Я опять недоверчиво покосилась на гемму Лоя. Старый улла дремал, прислонившись спиной к печке.
— Что же это за Уллаела? Может быть это сборник анекдотов, а ты им веришь, Ос?
Ос недовольно вскинулся:
— Уллаеле — книга преданий, а про какие э.. энэкдоты ты говоришь, я не знаю и знать не хочу! — выкрикнул он, и я поняла, что ляпнула что-то не то.
— Не кипятись, Ос! — выставив руку ладонью вперед, проговорила примирительно я. — Вот бы мне почитать Уллаеле, а анекдоты — это просто смешные истории.
По стеклу вновь забарабанил дождь, и я, подумав, что с прогулкой лучше подождать, села на кровать рядом с Осом, привалившись к её высокой спинке, и посмотрела в окно. С этой стороны лес подступал совсем близко к стене дома Лоя.
— Рассказывай, Ос, — сказала я, — опять зарядил дождь, а в такую погоду особенно хорошо сидеть в тёплом доме у печи и слушать удивительные истории. К тому же я совсем ничего о себе не знаю, а ты говоришь, там было что-то про меня.
Ос обернулся. В его небольших серых глазах заблестел озорной огонек.
— Так уж ничего не знаешь?.. — с сомнением проговорил он.
— Про себя в моём мире я знаю побольше, а про себя в вашем мире узнаю только вот так — случайно, — улыбнулась я, — а ведь по всем раскладам в вашем мире ничего про меня и не должно быть...
Ос поёрзал на месте. И опять оглянувшись на меня, сказал:
— Уллаеле есть только у старой Висы. Она живет за Кривым оврагом. Но я не смогу проводить тебя к ней, — и хмуро прибавил, — ноги меня слушаются всё меньше.
— А ты ведь молодец, Ос, — тихо сказала я.
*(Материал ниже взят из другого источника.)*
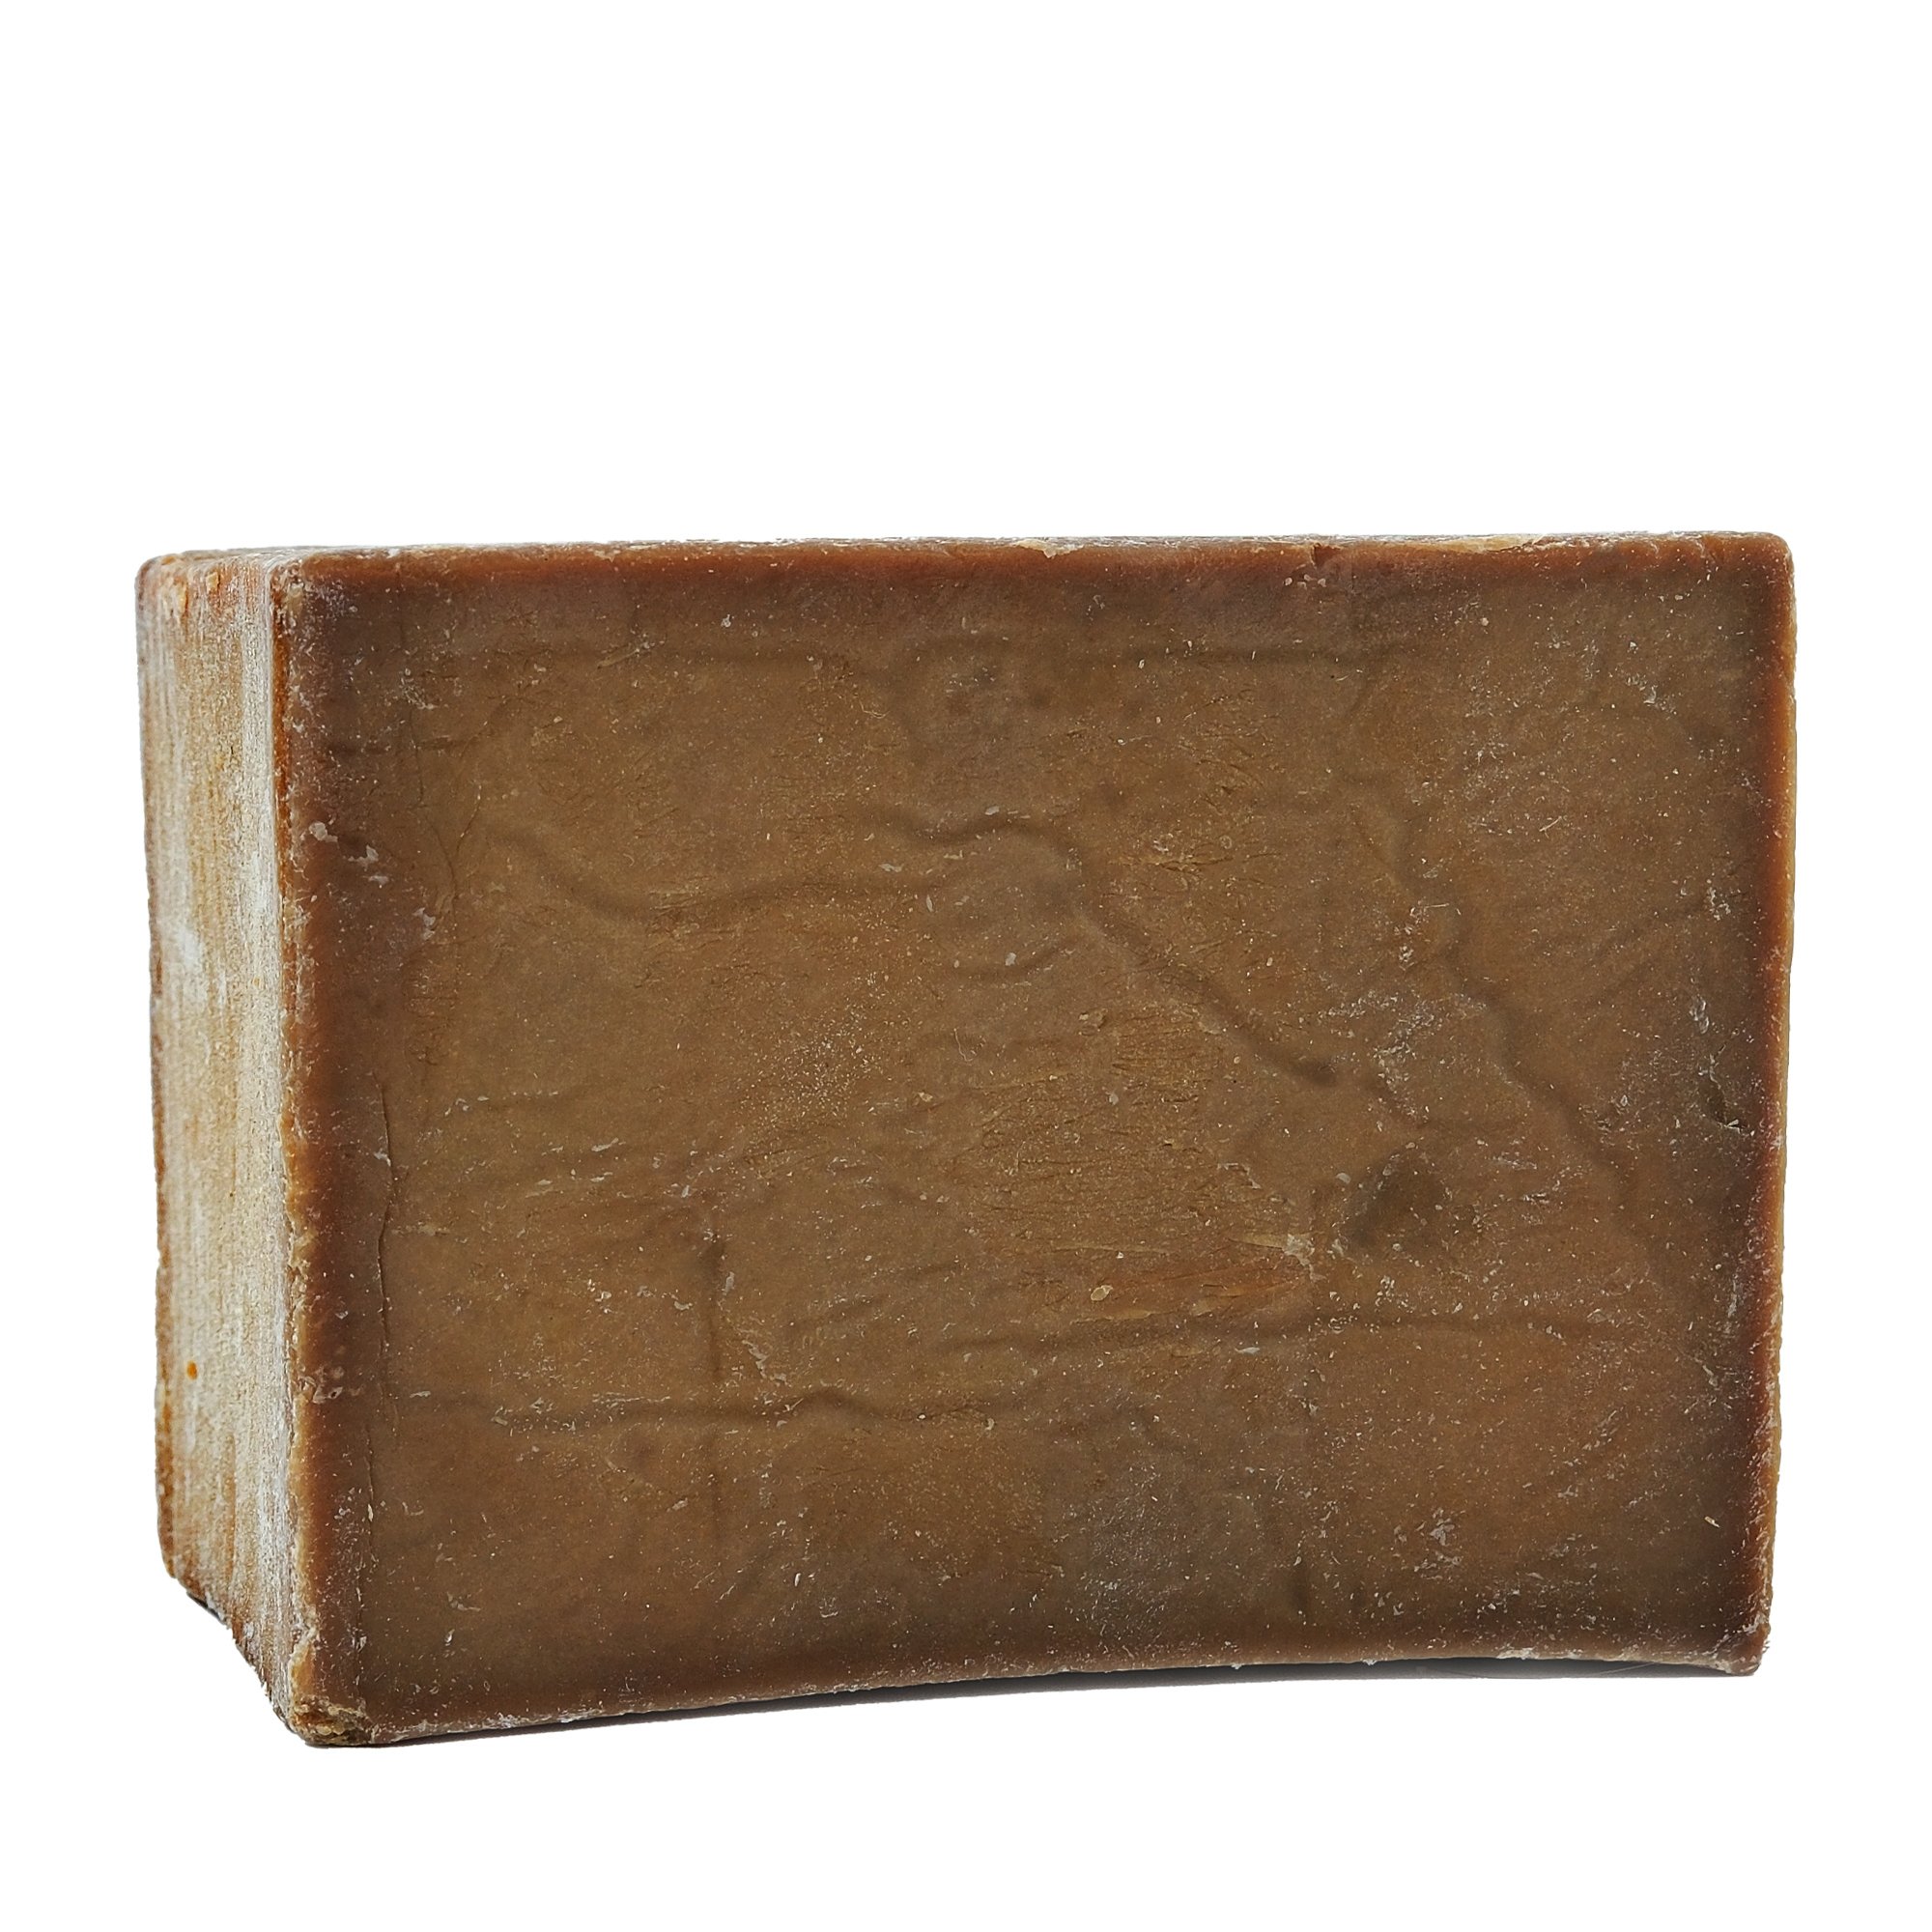 Mesopotamia 180 G Aleppo Soap with 10% Laurel  and 90% Olive Oil Organic Handmade Natural Moisturizer for Dry and Normal Skin

— Это почему же? — спросил он, не оборачиваясь.
— Не ноешь потому что, — ответила я.
Мальчик молчал.
— В тот первый день, — говорила я, глядя на его светлый с нежными кудряшками русых волос затылок, — я подумала, что ты нытик, я ошиблась, Ос, прости меня...
Голова его дёрнулась, и он резко обернулся ко мне. Его глаза испытующе смотрели мне в лицо, ожидая насмешки. Через секунду взгляд его стал растерянным, и он улыбнулся. Улыбнулся беспомощно.
— Хочешь, мы вместе пойдём к старой Висе? Сейчас кончится дождь, и пойдём, — говорила я.
А Ос опять взглянул на меня недоверчиво. И горько усмехнулся.
— Я понесу тебя...
— Ясное дело! — пожал плечами он и буркнул, — как маленького...
— В рюкзаке...
Увидев, что он не понимает меня, я пояснила:
— Такой мешок, надевается на плечи. Очень удобно, и руки свободные, — осторожно говорила я, а сама смотрела, как он сидит, отвернувшись, — плюнь на то, что подумают об этом другие, ты не представляешь, как мало они о нас думают. Хочешь пойти со мной, Ос?
Старый гемма всхрапнул и заворчал что-то во сне. А Ос продолжал молчать.
Вдруг он сказал:
— А такой подойдёт?
И в руках его оказался серый мешок с двумя лямками.
— Не маловат будет? — засомневалась я.
— Нет. Смотри.
Ос накинул мешок на себя, прикрывшись им, как одеялом. А я улыбнулась.